The occupation of the islands by the Guanches is another matter that historians face. It is recorded by Pliny the Elder that the archipelago was not inhabited when the expedition of Hanno the Navigator visited the islands in the 5th Century BC. However, Pliny does advise that the Carthaginians did see ruins in the landscape, so this may suggest there were other people populating the islands before the Guanche settled there. Moreover, it seems that depending on the island, the name of this aboriginal people changed – Guanche is supposed to refer only to the inhabitants of Tenerife, while we have other names such as Gomeros for those living in La Gomera, or Canarii for those of Gran Canaria. Where all these people Guanche or of Guanche ethnic? Did the different names relate to the island they inhabited or to their ethnic background? This is almost impossible to determine. In any case we do know that the Canary Islands were well-known to their European and African neighbours – the Romans traded there with the locals and gave the islands individual names, and many Arab navigators and travellers visited this location during the early Middle Ages. From a historical point of view, the brutal invasion of the islands during the 15th century by the Spanish army does certainly make things complicated. Although some artefacts survive in the African continent, most of them could be related to Berber communities, so it is difficult to establish whether they are purely of Guanche origin, a mix, or neither. By 1496, Spain imposed its definitive rule over the archipelago, defeating for good the reminiscence of the Guanche opposition and absorbing them into their social structure. We know the Guanche did not easily let the Spaniards in as this is commemorate in several statues around the islands. Particularly this is symbolised by the statues of Bencomo – principal caudillo Guanche of the resistance. Although many cultural traditions remain, these are now mingled with customs from insular Iberia, so it is difficult to establish where the Guanche synergy begins and where the Spanish influence ends.

However there are a few things that remain from Guanche culture known to us. Of particular interest is their religious practices. It seems the Guanche culture had its own deities and they all varied from one island to another, although the concepts for each major god remain unchanged. Achaman was the supreme deity for the inhabitants of Tenerife, and he was ruler of the skies and thunder. This figure was replicated in the other islands under the names of Acoran (Gran Canaria), Abora (La Palma), Orahan (Gomera), Eraorahan (El Hierro).
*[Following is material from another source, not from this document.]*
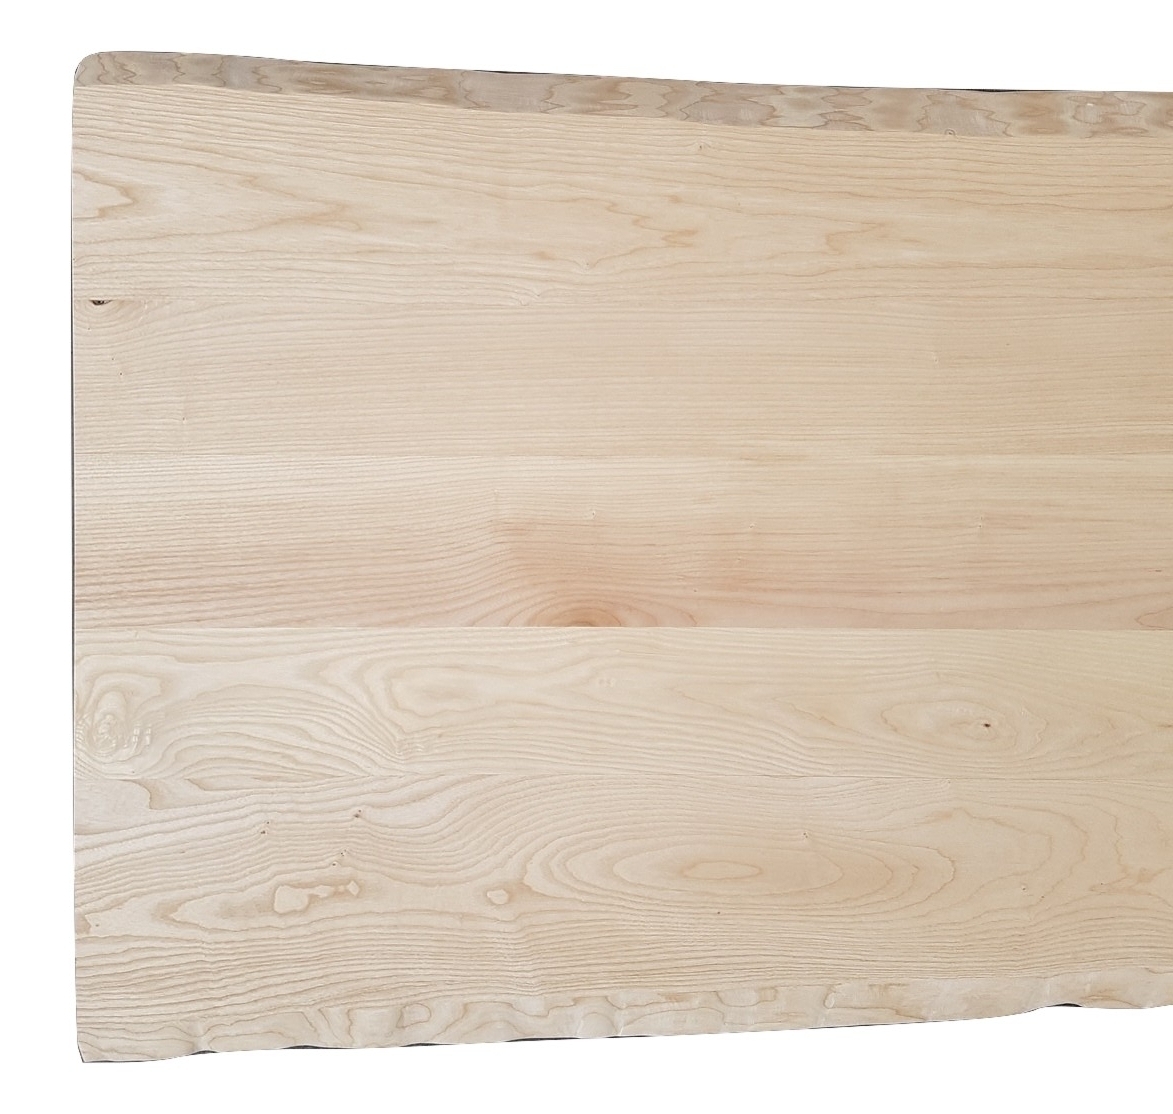 Piano tavolo in legno massello / Piano scrivania in legno / Esclusivo legno  di frassino naturale, oliato / Taglio pulito / Disponibile in diverse  dimensioni e colori -  Italia

There was also a malign deity that inhabited the insides of the volcano Teide called Guayota. According to the legend, Guayota captured the god Magec – Sun deity – and the Guanches implored Achaman to rescue him and after a long battle Achaman prevailed and rescued Magec. As a punishment he trapped Guayota inside the Teide. Ever since the eruptions were interpreted by the inhabitants of the islands as the god trying to escape. There is a reminisce to the god Magec in the modern culture of Tenerife and the islands with the figure of the mago – which is the name people of higher social status gave to the peasants who worshipped Magec praying for good harvests.

There is one further aspect that has brought mysterious allegations around the Guanche people, which is the discovery of the pyramids investigated by Thor Heyerdahl at Guimar. Heyerdahl maintained that these were erected by the old Guanche population and that they were some sort of ritual site, which many conspiracy theorist have associated with similar builds in Meso and South America. However archaeological surveys from the 1990s seem to point out that these were constructed in the 19th century for agricultural purposes like the modern terrazas used all across the Canary Islands. However there is still room for interpretation and not all scholars are convinced by either theory.

Perhaps we have not learnt all that much about the Guanche people – or at least not as much as I would like. But here is to a little introduction to the known facts of this culture and to shedding some light on a part of Spanish history which is usually not mentioned in schools, gran narratives or known to the ordinary man. Hopefully the new scholarships of the 21st century will bring forward new hypothesis and discoveries on these people.